China's central bank on Thursday used money market methods it hasn't used in a decade to discharge liquidity, postponing the prospect of a further cut in the reserve requirement ratio.
The People's Bank of China bought 20 billion yuan ($3.17 billion) worth of securities from selected banks, with a promise to sell them back 28 days later and charging a rate of 3.6 percent, according to a statement on its website.
It's the first time the central bank has used 28-day reverse repos since December 2002.
Simultaneously, the central bank also auctioned 35 billion-yuan seven-day reverse repos at a rate of 3.35 percent.
"The extension of the tenor of reverse repos suggests policymakers are continuing to favor temporary measures over cutting the required reserve ratio, which would be a permanent solution," Dariusz Kowalczyk, a senior economist and strategist at Credit Agricole CIB, wrote in a research note e-mailed to China Daily.
"It is possible that the reserve requirement ratio will not be cut anytime soon. This means that interbank liquidity will likely remain relatively tight."
The reverse repo rates are lower than current market levels. But the move failed to ease the interbank lending rate on Thursday, as the new operations are smaller than maturing ones, in effect subtracting liquidity.
Up to 165 billion yuan of former reverse repos mature this week. Subtracting mature central bank notes, repos and sales of new reserve repos, the week is set to see a net liquidity loss of 8 billion yuan.

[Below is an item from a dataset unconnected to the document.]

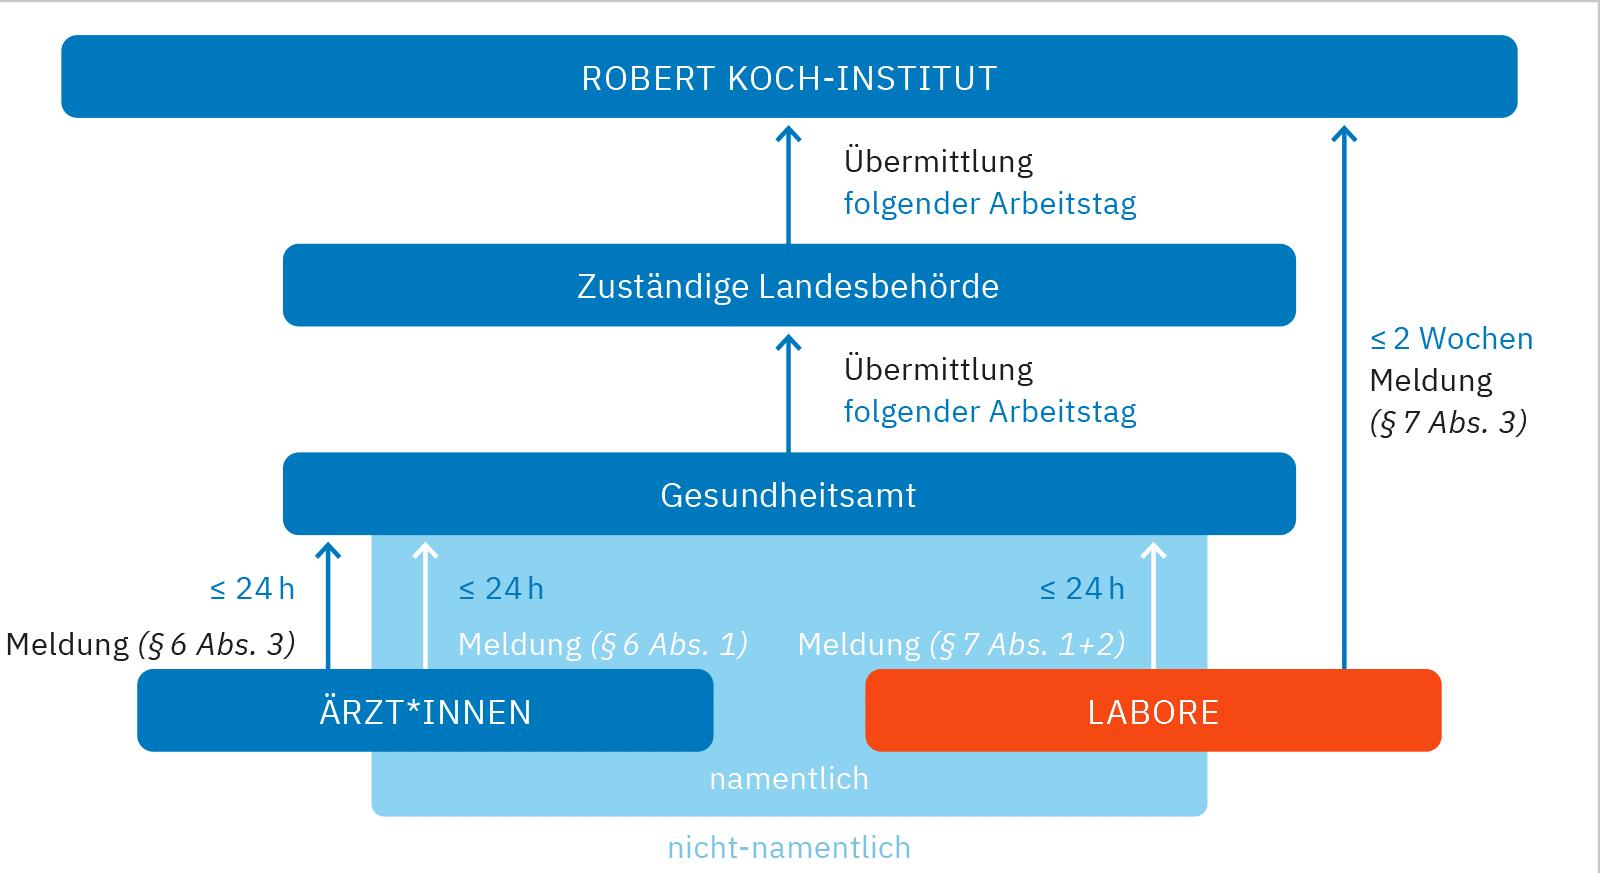 Abbildung 1: Melde- und Übermittlungsweg gemäß Infektionsschutzgesetz (Quelle: Robert Koch-Institut, Infektionsepidemiologisches Jahrbuch 2018)

On Thursday, most types of the Shanghai Interbank Offered Rate, the money market benchmark, increased. The overnight Shibor jumped 8.5 basis points to 2.6833 percent. The most actively traded seven-day Shibor edged up 0.04 basis points to 3.435 percent.
The one-month, three-month, six-month and nine-month Shibor increased. But 14 days and one year dropped slightly.
Mou Zhiyang, a fixed-asset researcher at Hualong Securities Co Ltd, said that the extended reserve repos came ahead of the expected cash reserve increase by lenders during the seven-day National Day holiday starting on Oct 1.
"It's in line with market expectations. The move alleviates central bank pressure to conduct massive 14-day reserve repos at month-end."
Chinese banks typically increase cash reserves by 1 percent during the National Day holiday, making available around 800 billion yuan, he added.
The market has been expecting a major fiscal and monetary stimulus after China's GDP growth hit a three-year low of 7.6 percent in the second quarter.
Kowalczyk said that the central bank's reluctance to cut the RRR indicates that monetary stimulus this time is much weaker than that in 2008 when China rolled out a 4 trillion yuan investment package that helped the country weather the global financial crisis relatively unscathed.
And that will make it difficult to fund large-scale infrastructure projects and makes any recovery gradual.
Equity market gains will be "tepid" under tight liquidity conditions, he added, dampening hopes that a recent uptick in the stock index will extend into a sustained rally.
The major Shanghai Composite Index dropped 0.76 percent, or 16.18 points, to 2110.38 points on Thursday. The Shanghai index jumped 3.7 percent on Sept 7, offering some relief for investors after previous slumps dragged the index close to the psychologically important 2000 points.
The index has fallen 4.05 percent so far this year. It dropped 1.2 percent over the past month.